Held with no bail means he is a green card holder and likely to leave the country or he has a criminal record.


----------



## cybertec69 (Jul 23, 2014)

Innocent until proven guilty, this is America people. Boston, I am sure he was black, Indian, or Latino and she was some white chick from an affluent family, OMG let's lock him up before he rapes another one of our entitled duschebag princesses.


----------



## ubershiza (Jan 19, 2015)

This is a good reason why cabs should have a camera or partition


----------



## cybertec69 (Jul 23, 2014)

ubershiza said:


> This is a good reason why cabs should have a camera or partition


I am buying one ASAP.


----------



## Txchick (Nov 25, 2014)

cybertec69 said:


> Innocent until proven guilty, this is America people. Boston, I am sure he was black, Indian, or Latino and she was some white chick from an affluent family, OMG let's lock him up before he rapes another one of our entitled duschebag princesses.


I say let's let it play out until we judge this person.


----------



## Kim Chi (Dec 10, 2014)

Does anyone know if this is true or not about the driver? I hope he has a lawyer. I am starting not to believe everyone women who claims this. This is ridiculous. It's not the white privilege women who cries wolf. The trailer park trash does it to.


----------



## arto71 (Sep 20, 2014)

cybertec69 said:


> I am buying one ASAP.


That would be the biggest investment you do ,just make sure buy one with two lenses ,so it can record inside and outside.


----------



## Txchick (Nov 25, 2014)

Kim Chi said:


> Does anyone know if this is true or not about the driver? I hope he has a lawyer. I am starting not to believe everyone women who claims this. This is ridiculous. It's not the white privilege women who cries wolf. The trailer park trash does it to.
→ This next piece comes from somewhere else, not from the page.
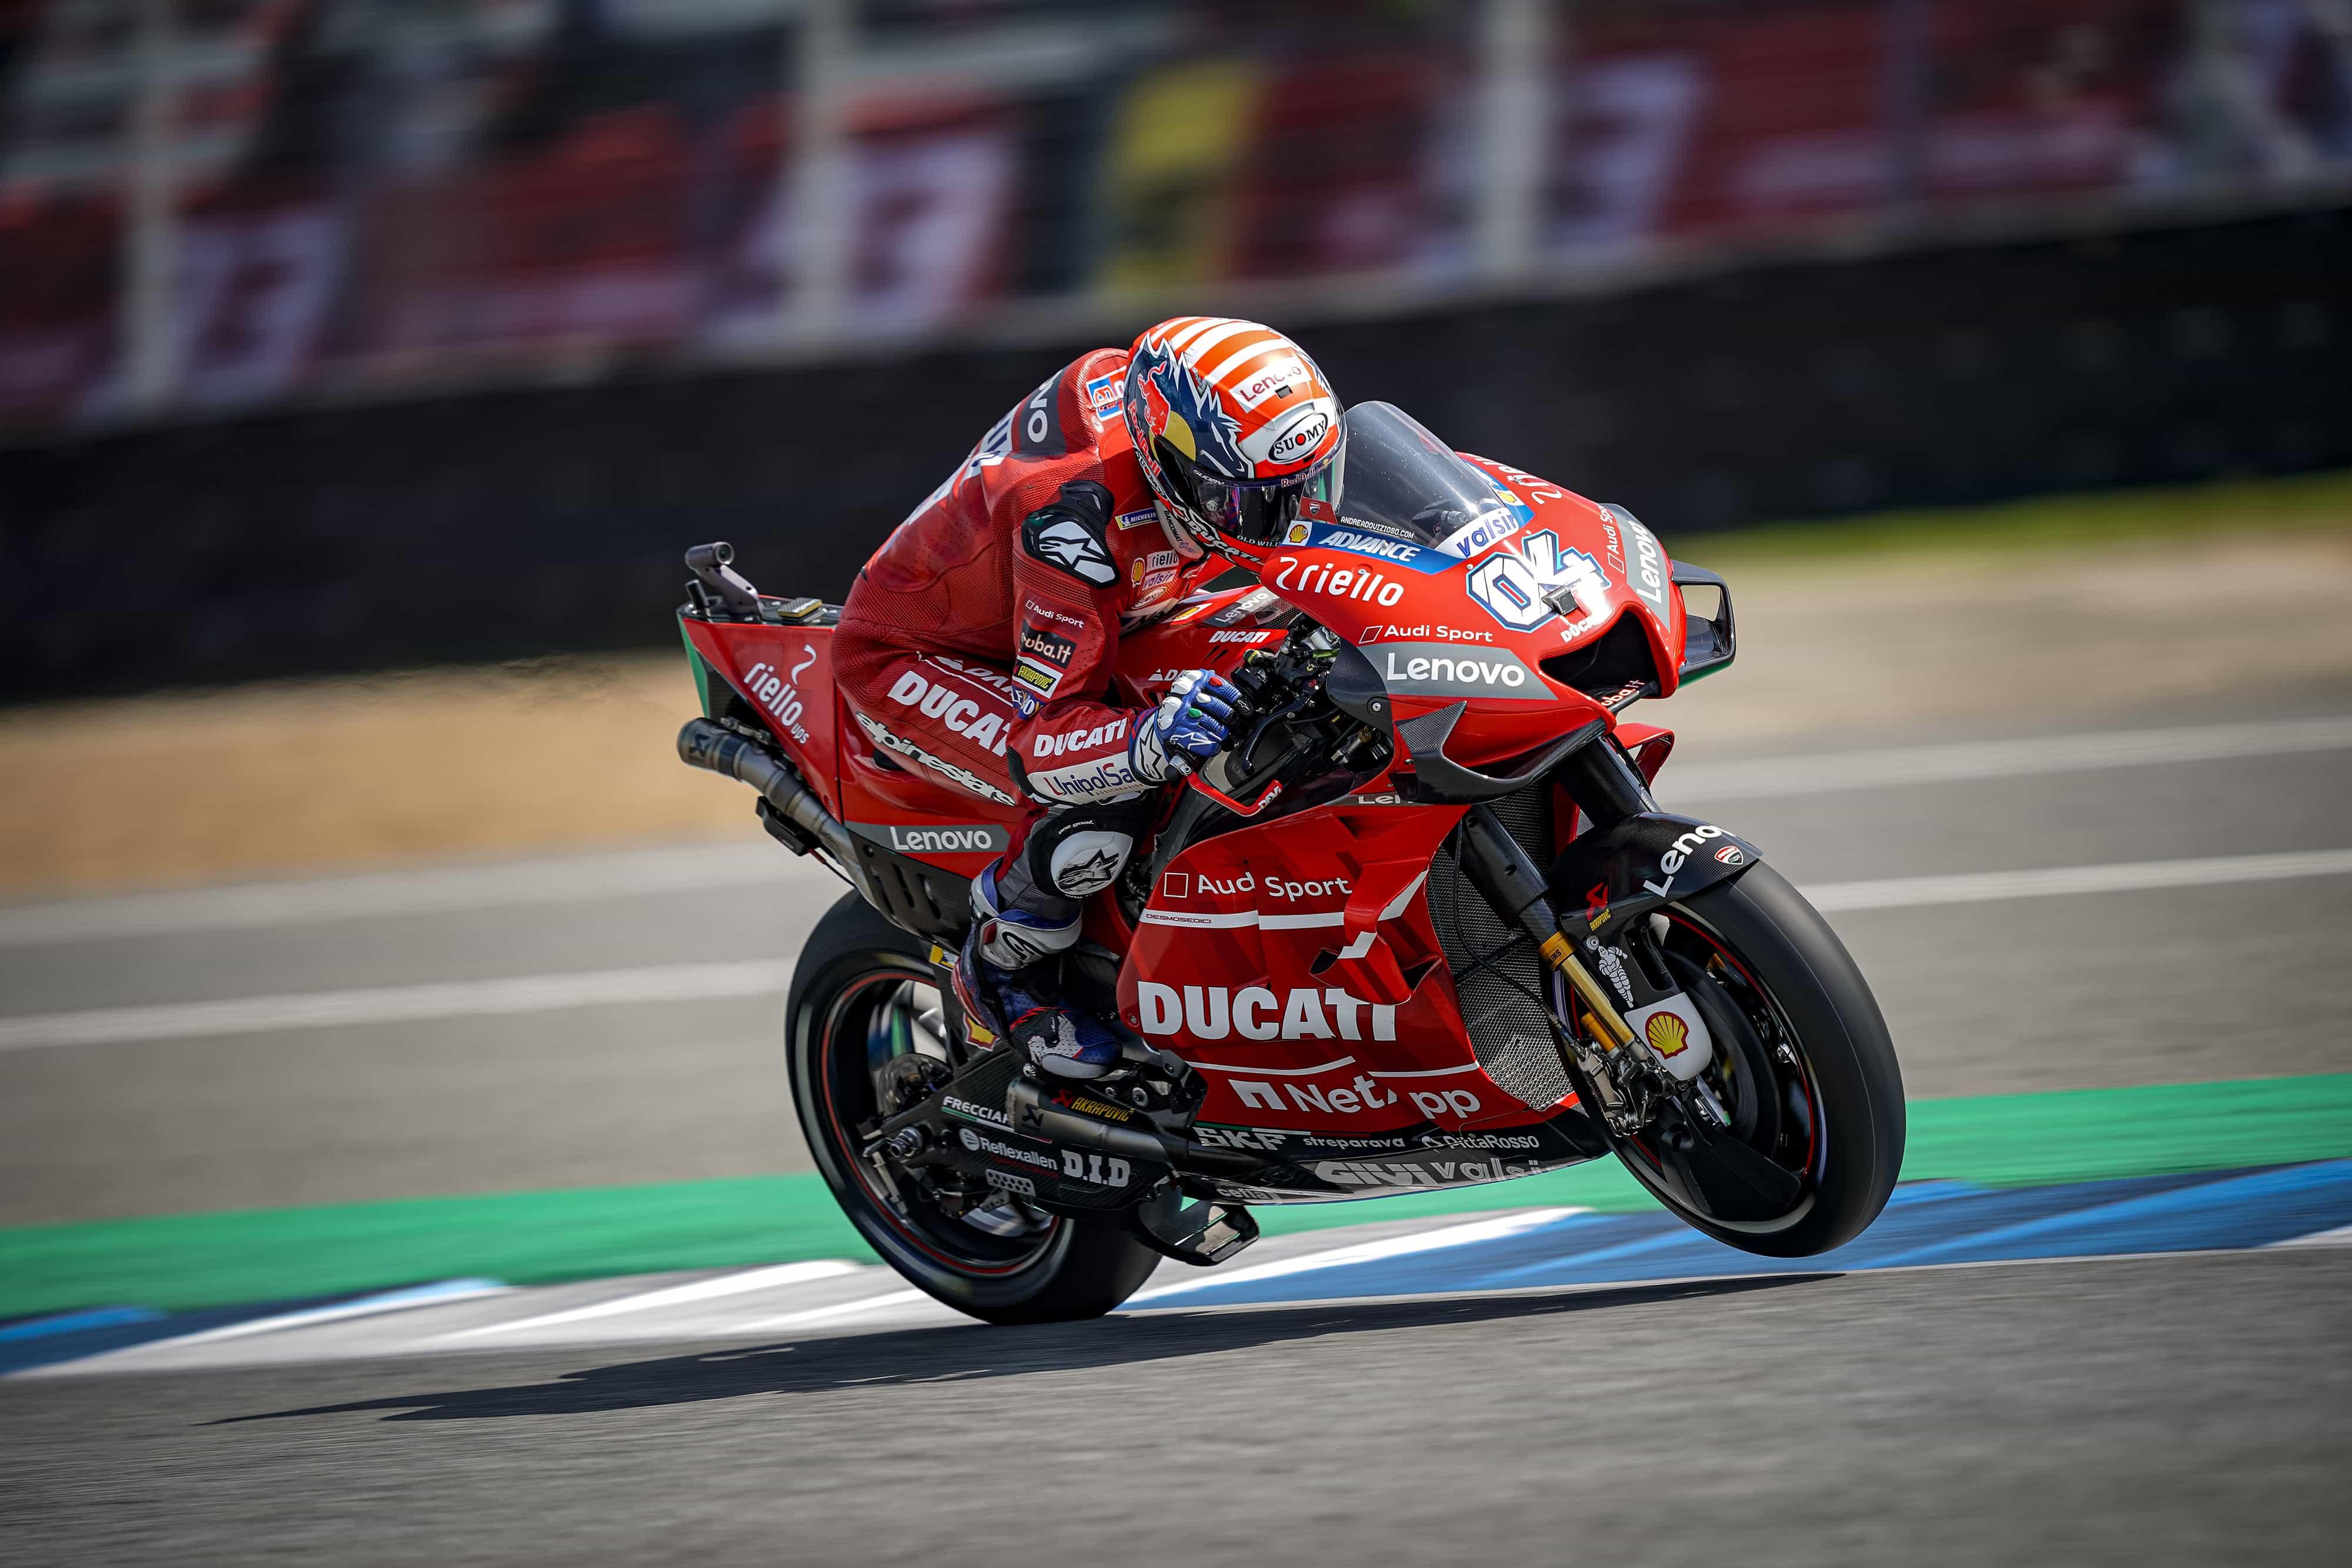 MotoGP2019日本GP ドヴィツィオーゾ「いかなるコンディションでも戦闘力を上げていくことが必要」

Have to wait & see and let the process take place. Lawyer..don't know, but one will be appointed if he cannot afford one. A post mentioned that he is being held without bail referring to possibly a green card holder.


----------



## Kim Chi (Dec 10, 2014)

I have to admit. Listening to the way some of these female passengers talk. I feel that sometimes they go looking for trouble! And with the bad publicity. I feel this is their way of backlash towards 
Uber CEO, Travis.


----------



## ubershiza (Jan 19, 2015)

You would figure cameras or partitions would be required after all the ubers rapes and assaults. As a partner its your choice. Its that Travis cooperate IDGF (I don't give) attitude that'says screw the drivers.


----------



## UberXking (Oct 14, 2014)

Being accused of anything by anyone while driving for Uber is worse than a DUI.


----------



## jackstraww (Jan 20, 2015)

The Kid said:


> Held with no bail means he is a green card holder and likely to leave the country or he has a criminal record.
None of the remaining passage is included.